The Queue length should be low, and the total bytes high, which
indicates a network card that is transferring packets quickly and
without delay. Network Interface: Bytes Sent/Sec; Current Bandwidth; Bytes Received/Sec.
High values in these counters consistently and over time indicate that a
network is being expected to carry more traffic than is optimal.
Segmenting the network into smaller pieces or increasing the bandwidth
of the network will decrease the chances of bottlenecks due to excessive
traffic.
Note Different
types of network configurations will allow for various levels of
traffic efficiency and volume. When monitoring %Network Utilization, for
example, 30 percent utilization is the maximum recommended for an
unswitched Ethernet network. This means that a 10 megabyte (MB) Ethernet
network becomes bottlenecked when its throughput exceeds 3 MB per
second. If the value of the counter is above 40 percent, data collisions
begin to hamper the performance of the network. |
Process Counters
For
each demand on a system resource, there is often a process that is the
instrument of that demand. Using process counters allows for viewing the
individual processes (including system services) that are using system
resources.
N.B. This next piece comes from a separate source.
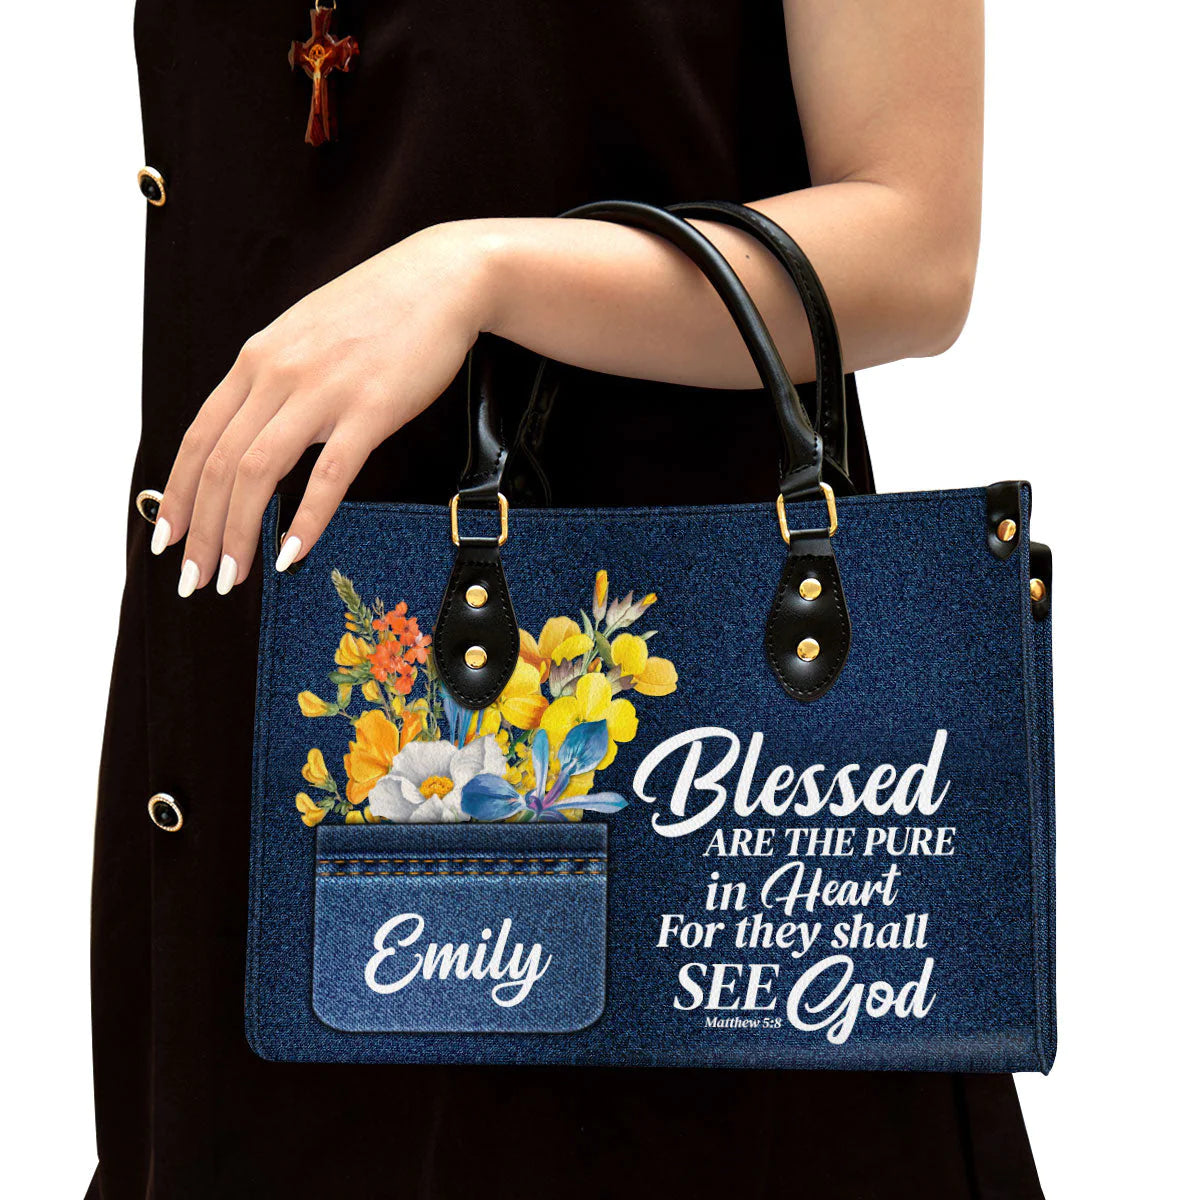 Christianart Handbag, This Is The Day That The Lord Has Made, Personalized Gifts, Gifts for Women, Christmas Gift. - Christian Art Bag

The following are important counters to use when gathering
process-based performance data:
Memory
leaks; memory-intensive applications: Memory\Pool Nonpaged Allocs;
Memory\Pool Nonpaged Bytes; Memory\Pool Paged Bytes;
Process(process_name)\Pool Nonpaged Bytes; Process(process_name)\ Handle
Count; Process(process_name)\Pool Paged Bytes;
Process(process_name)\Virtual Bytes; Process(process_name)\Private
Bytes. These counters show memory use by
individual processes, allowing for redistribution of intensive
applications (or isolation of applications with memory leaks) to other
computers.
Note An
application memory leak can be diagnosed by running that application on
its own server, and monitoring for memory use that increases over time
with no change in demand for services. This increase without a
corresponding reason can indicate a memory leak. |
Disk Counters
The PhysicalDisk
object counters provide data on activity for each of the hard disk
storage devices, and the LogicalDisk object counters provide data on
defined volumes (C:\, D:\, and so on) in your system. Monitoring
LogicalDisk free space and PhysicalDisk performance counters will
provide useful data. The following are important counters for Physical
and Logical Disk monitoring:
LogicalDisk\%Free Space.
This counter reports the percentage of unallocated disk space to the
total usable space on the logical volume. This counter is not available
for a physical disk. Note When calculating the _Total instance, the %Free Space counters recalculate the sum as a percentage for each disk. |
PhysicalDisk\Avg. Disk Bytes/Transfer; \Avg. Disk sec/Transfer; \Avg. Disk Queue Length; \% Disk Time.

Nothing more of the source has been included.